**WHAT YOU HAVE TO DO**. Go through the listing below, and from the line containing "Revista Síndico_ed 247_64" through its last line, transcribe every line exactly, skipping pictures.

**COLLECTED DATA**.
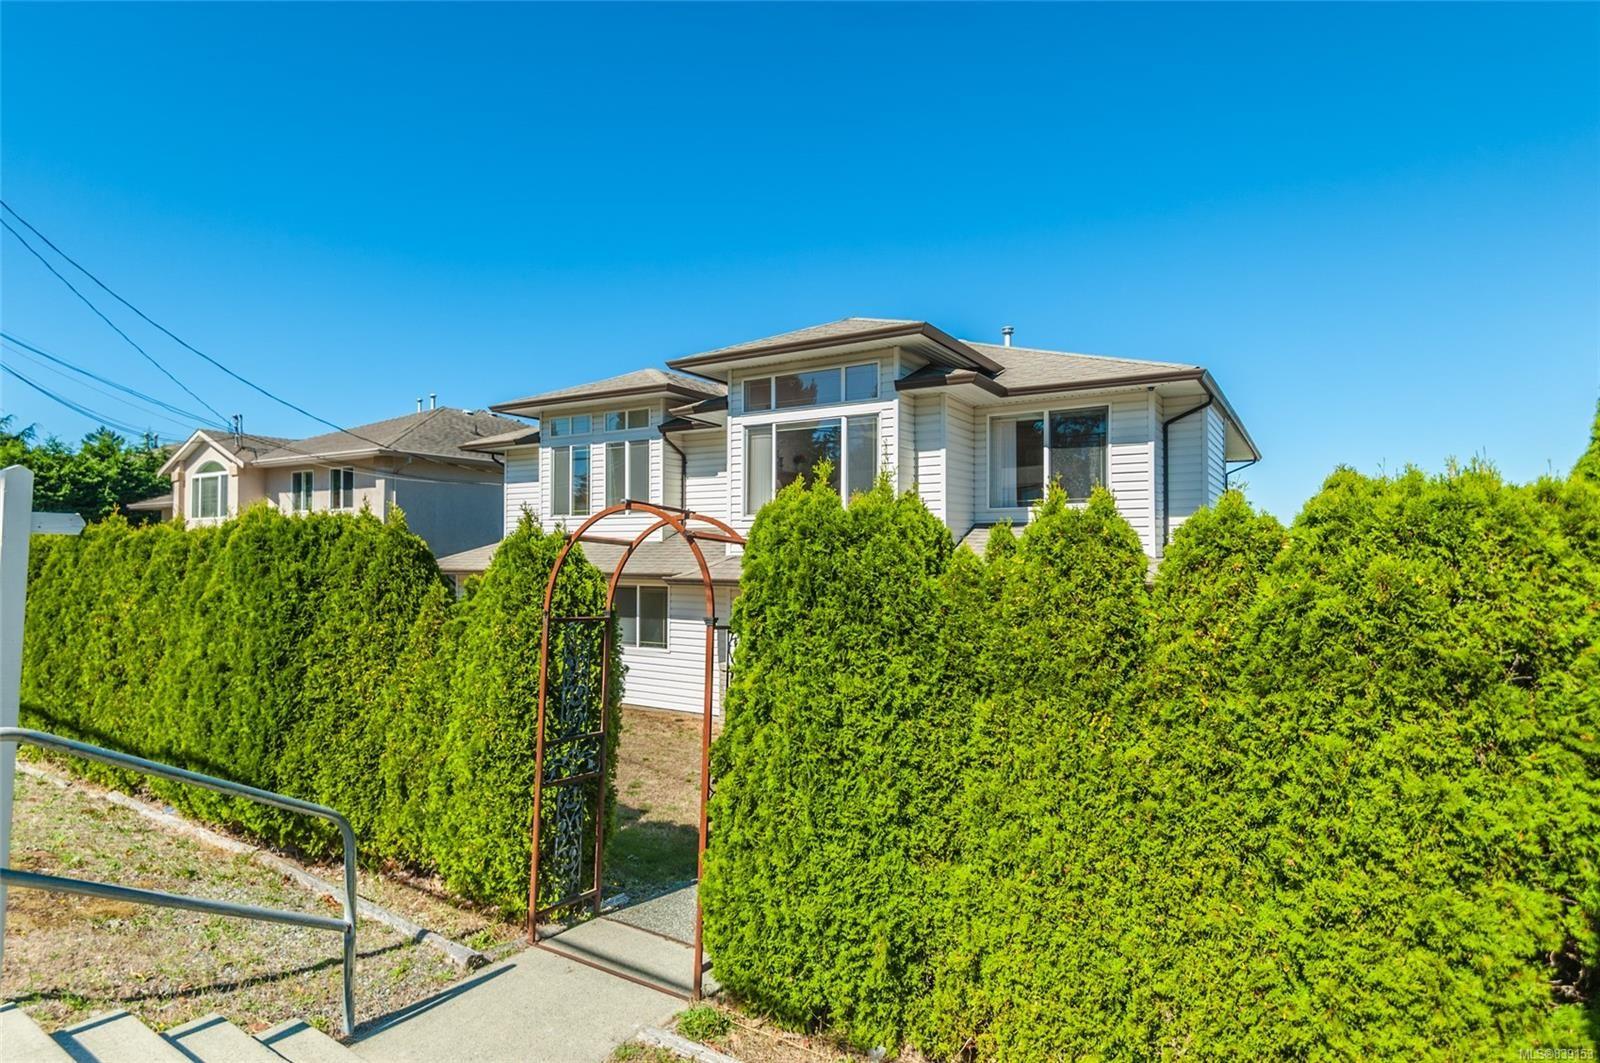 Photo 32: Photos: 6412 Dover Rd in NANAIMO: Na North Nanaimo House for sale (Nanaimo)  : MLS®# 839153
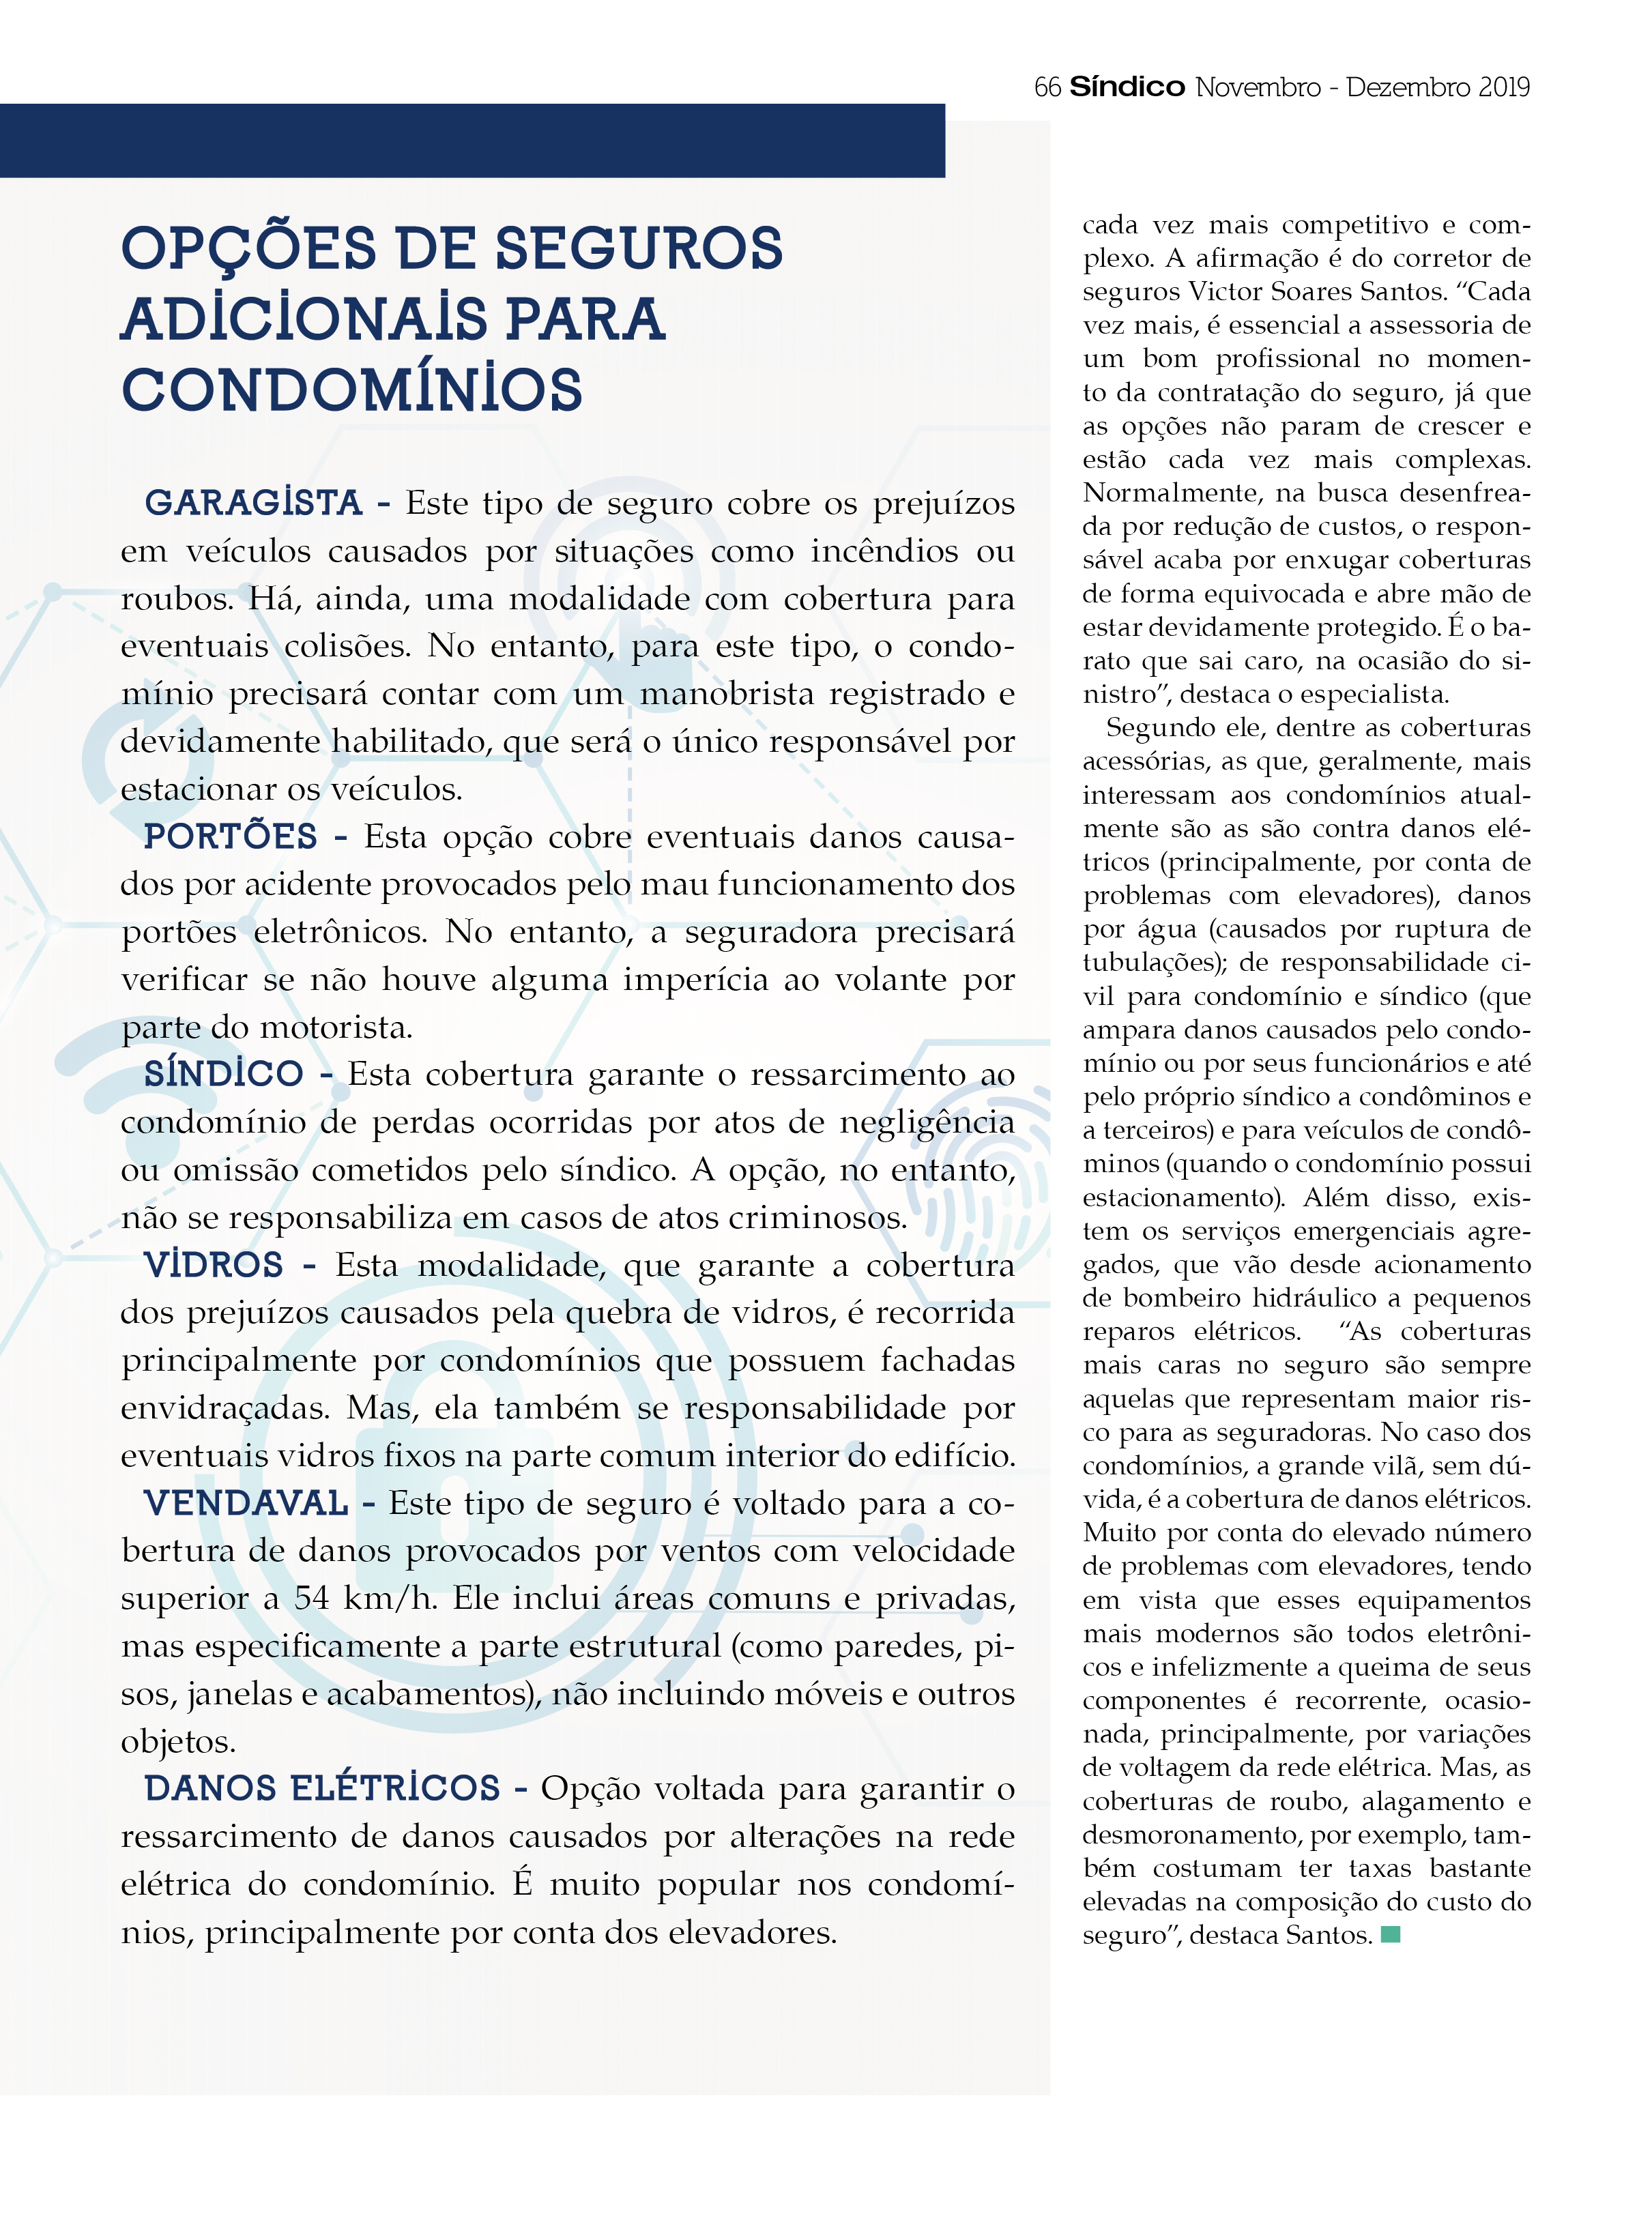 Revista Síndico_ed 247_64
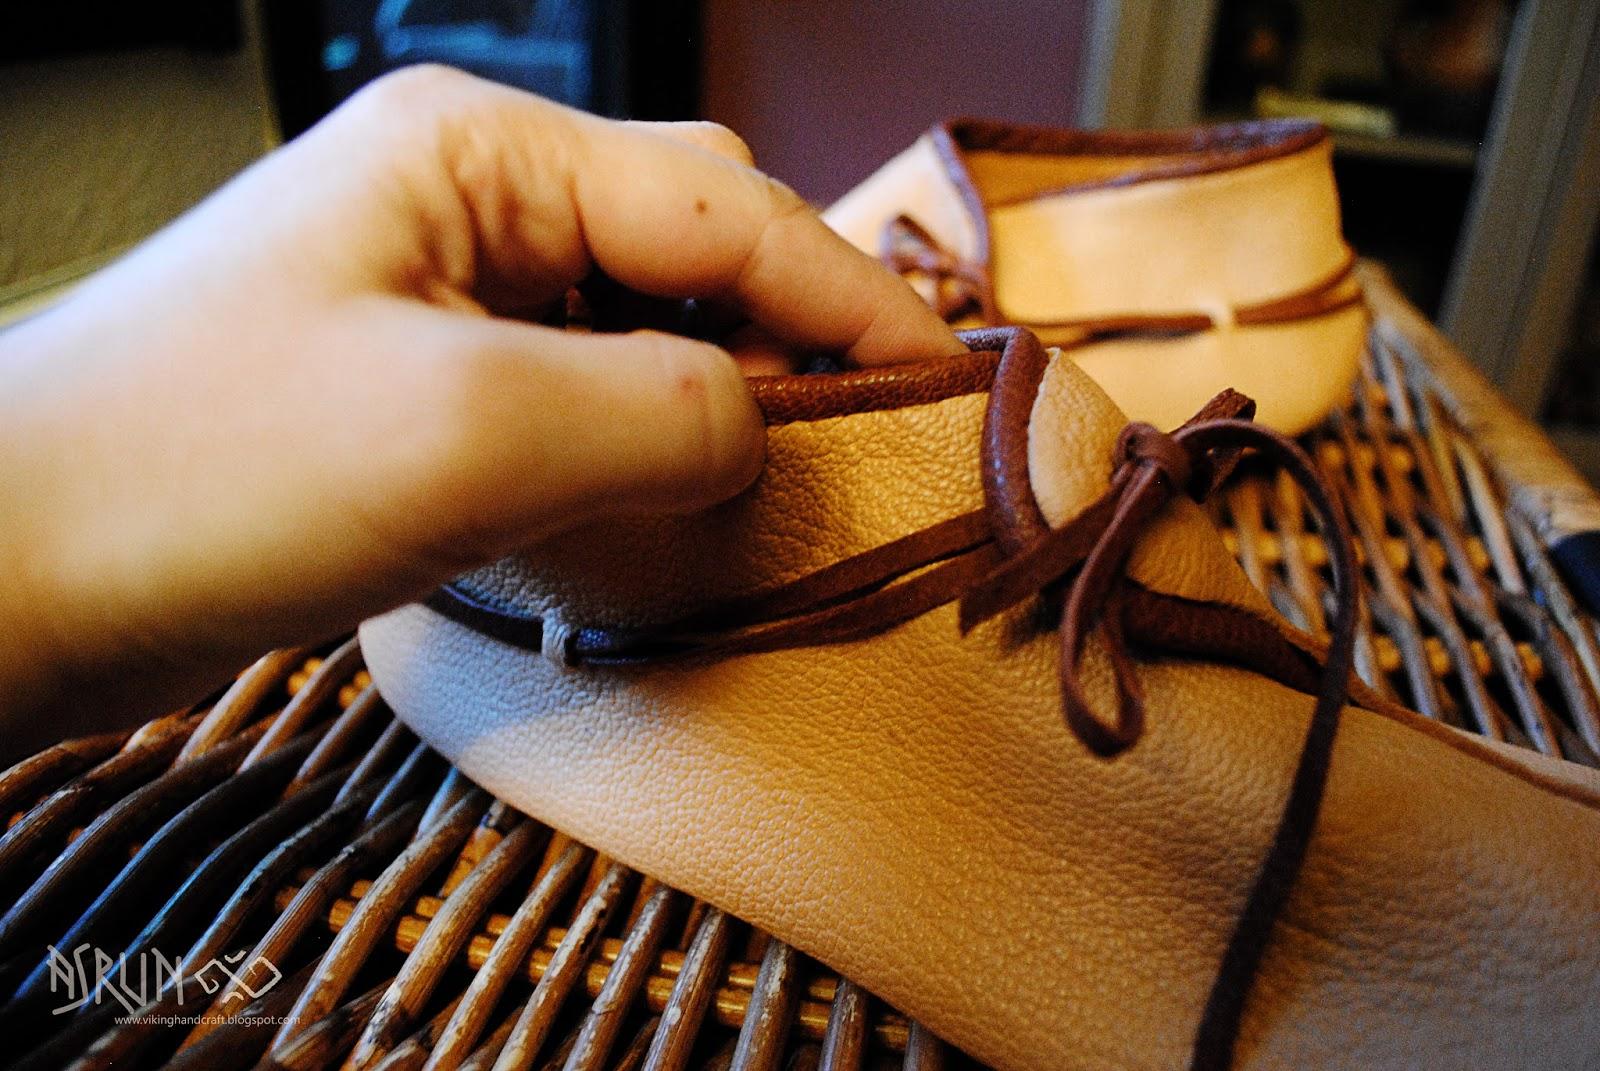 viking handcraft: Wendegenähte Schuhe (Haithabu)

**RESULT**.
 Revista Síndico_ed 247_64
 viking handcraft: Wendegenähte Schuhe (Haithabu)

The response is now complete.